Goal of the exercise: Retype the whole listing below exactly, keeping every picture out of it.

Data shown:
• • •

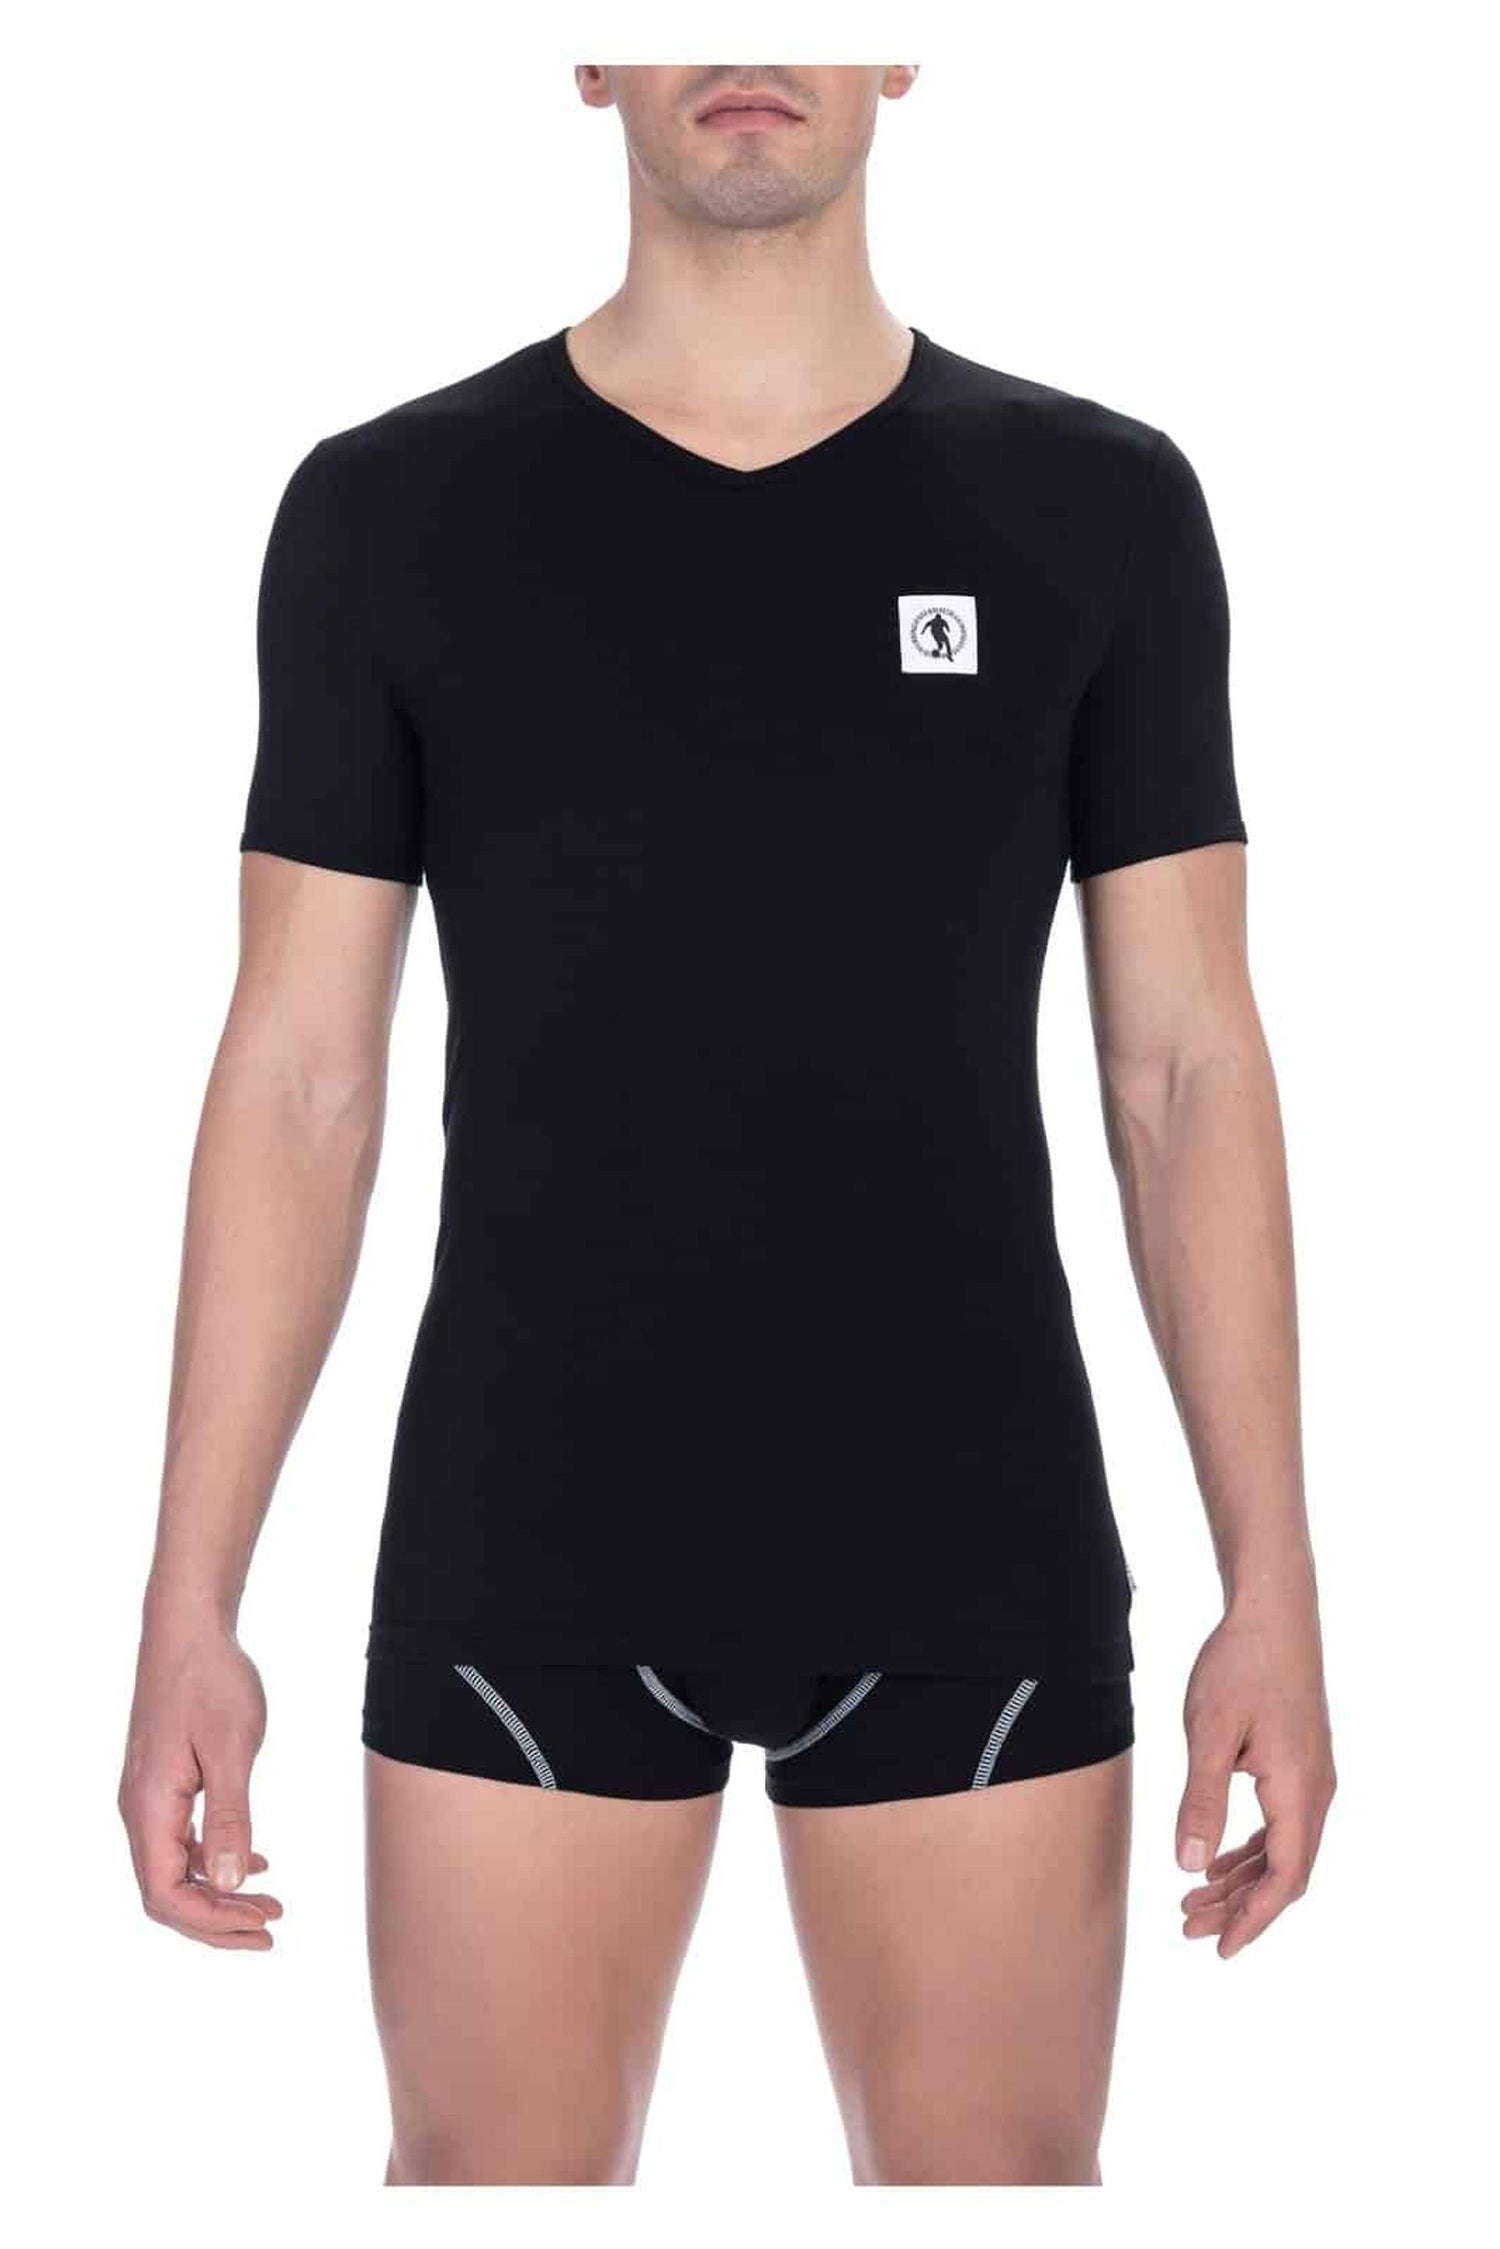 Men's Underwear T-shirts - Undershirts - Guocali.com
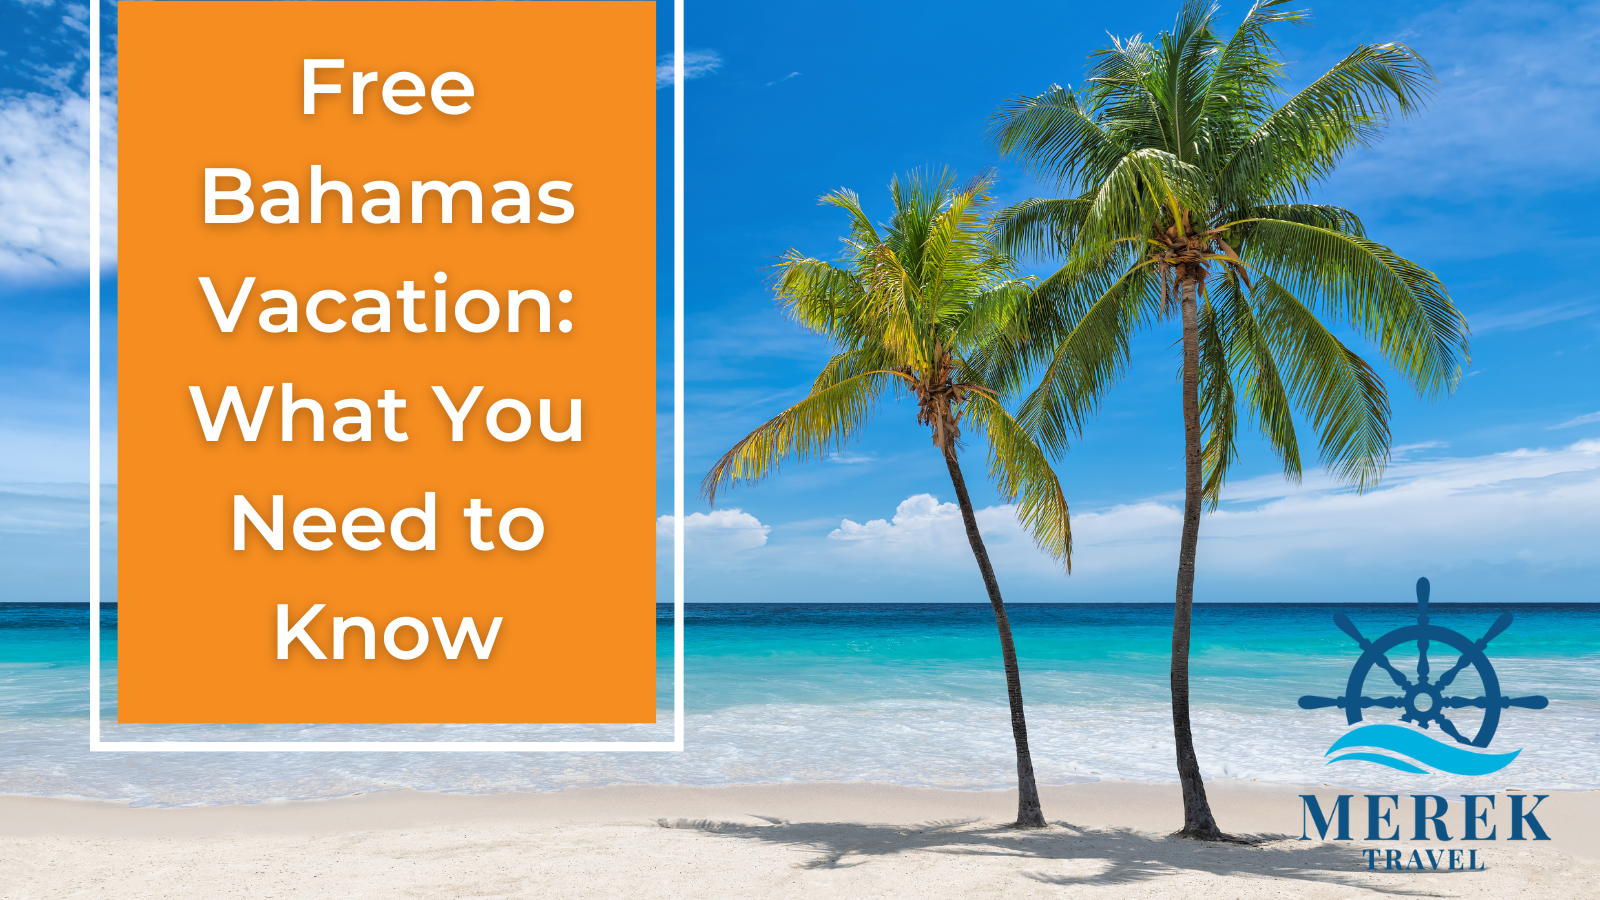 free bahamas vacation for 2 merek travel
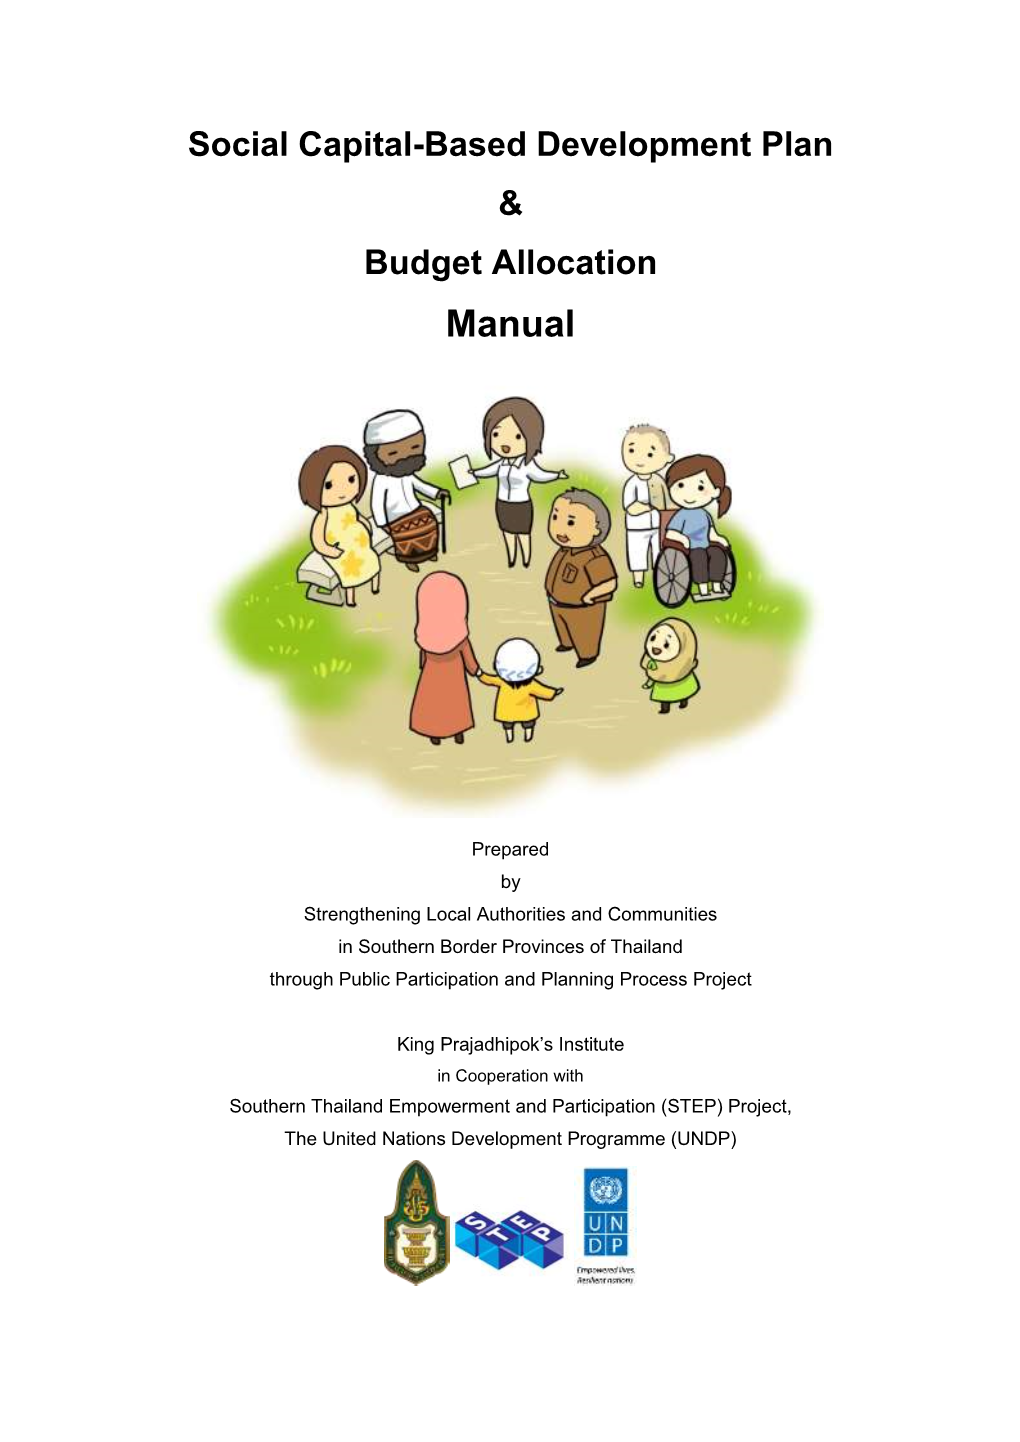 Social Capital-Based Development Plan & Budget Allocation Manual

• • •

Written answer:
 Men's Underwear T-shirts - Undershirts - Guocali.com
 free bahamas vacation for 2 merek travel
 Social Capital-Based Development Plan & Budget Allocation Manual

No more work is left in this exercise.